In dem Werk geht es um einen alten Mann, der von seiner Familie in ein Heim abgeschoben wurde. In seinen jungen Jahren war er Soldat und musste nach Sibirien in die Kriegsgefangenschaft. Er beschreibt ständig, wie kalt und hart es dort war. Er vergleicht seinen jetzigen Zustand mit dem seinerzeit in Sibirien. Oft klagt er und sehnt sich nach den Zeiten mit seiner Frau und seinem Hund. Doch seine Familie will ihn nicht nach Hause zurückholen, wo er so gerne gewesen ist, da er sich über alles und jeden beklagt. Er kritisiert andauernd und mischt sich überall ein – ein richtiger Choleriker. Doch mit der Zeit begreift er, warum ihn seine Familie nicht zurückhaben möchte. Er fleht sie an und er verspricht, alles zu tun, was ihm gesagt wird. Nie wieder möchte er sich irgendwo einmischen, er möchte nur im Kreise der Familie sein und seinen Hund immer bei sich haben.

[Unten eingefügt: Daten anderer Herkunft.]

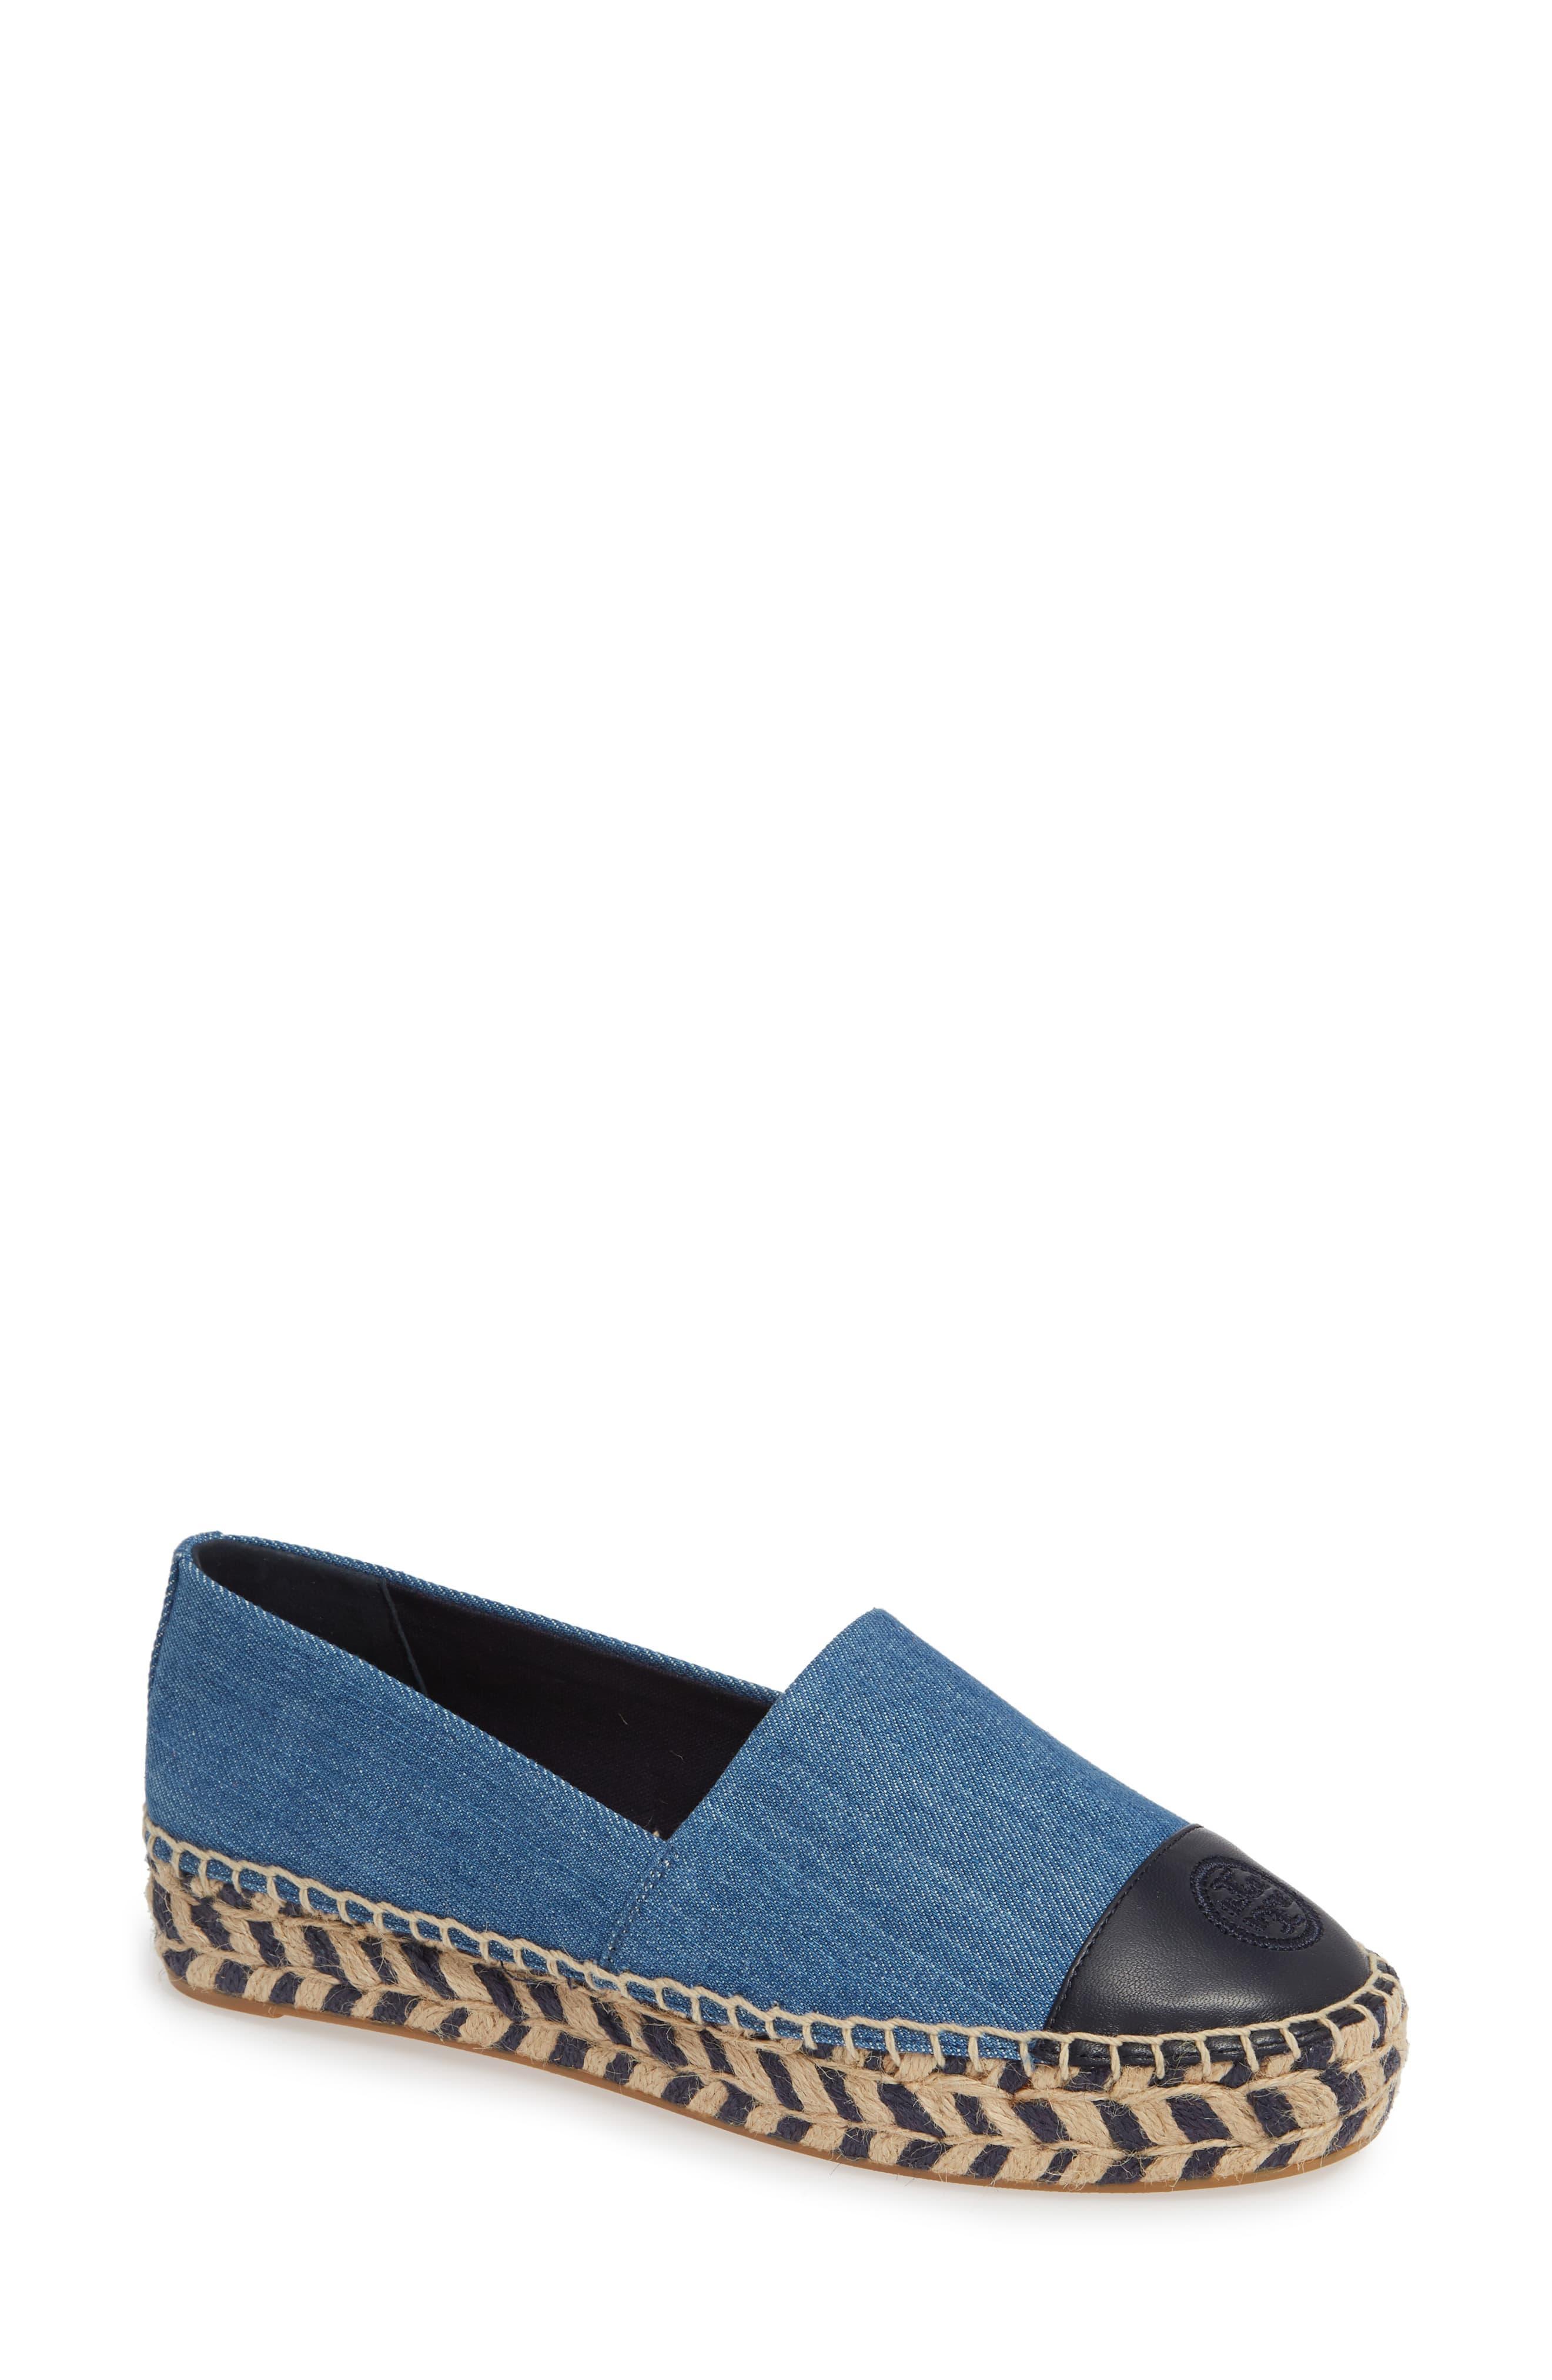 USA STOCK New Women canvas Flat Espadrille Denim Floral Blue

Er ist verzweifelt, da niemand ihm zuhört. Er schreibt einen Brief an den Bundespräsidenten und beklagt in dem Schreiben die fürchterlichen Zustände im Pflegeheim, und wie schlecht dort alle behandelt werden. Er kämpft solange, bis der Bundespräsident ihn besucht und er ihm alles zeigen und von der Seele sprechen kann. (Es kommt nicht heraus, ob er sich das nur einbildet oder ob es wirklich passiert).

Die 5 Akte zeigen den zunehmenden körperlichen Verfall des Mannes. Anfangs kann er im Zimmer herumgehen, dann am Bett sitzen, schließlich nur noch bewegungslos liegen.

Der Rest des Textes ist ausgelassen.